Exploring the Rich Heritage of Moroccan Couscous

Couscous, a Moroccan delicacy made of small steamed semolina balls, holds a significant place in North African cuisine, particularly in Morocco, Algeria, Tunisia, Mauritania, and Libya. It has also found its way into Middle Eastern cuisine and is even enjoyed in Trapani, Sicily. The dish’s name likely stems from the Arabic word “Kaskasa” or the Berber word “Keskes,” referring to the traditional cooking pot used in its preparation.

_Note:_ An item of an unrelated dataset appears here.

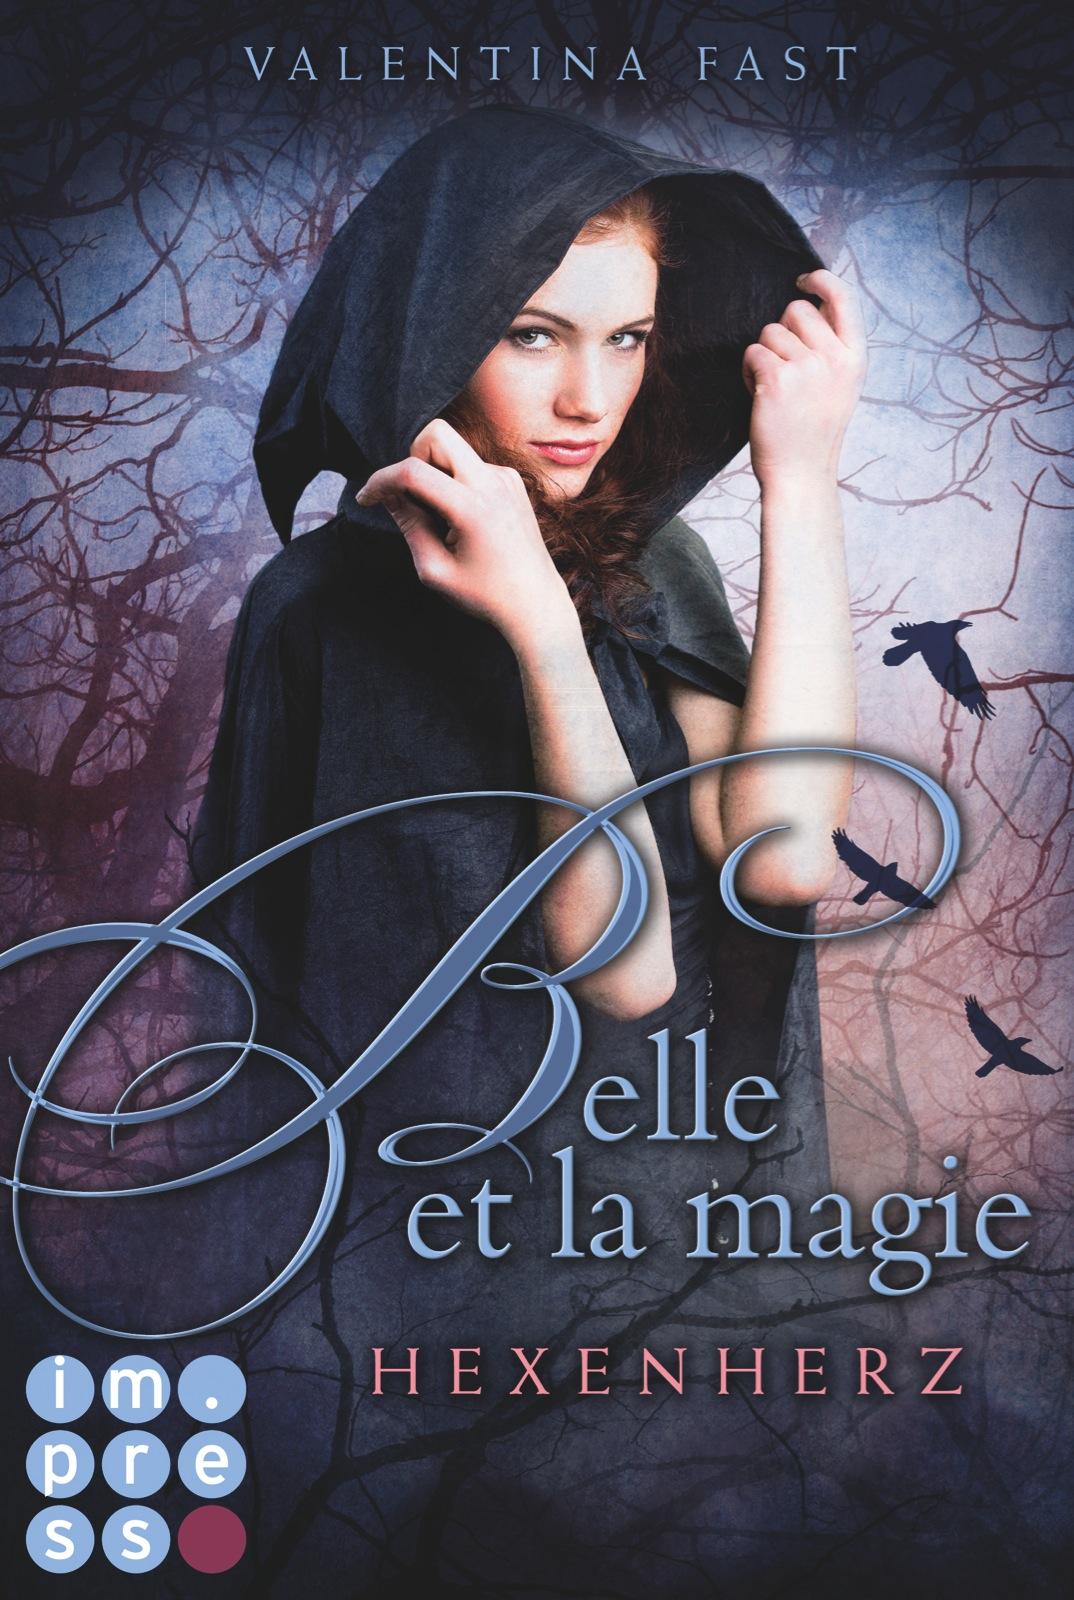 Fast, Valentina : Belle et la magie - Hexenherz

The exact origins of couscous remain uncertain, with historians offering varying accounts. Some suggest that Berbers were crafting couscous as far back as 238 to 149 BC, citing the discovery of primitive couscous pots in tombs dating back to the reign of Berber King Massinissa. However, Charles Perry proposes that couscous likely emerged between the end of the Zirid dynasty and the rise of the Almohad dynasty in North Africa, spanning the eleventh to thirteenth centuries.
Traditionally, women painstakingly prepared the semolina by hand, laboriously rolling it with water to form small pellets. Today, commercially available couscous found in most supermarkets has undergone pre-steaming and drying processes for convenience.
Couscous is commonly served with an assortment of vegetables such as carrots, pumpkin, and turnips, cooked in either a spicy or mild broth or stew, often accompanied by chicken, lamb, or mutton.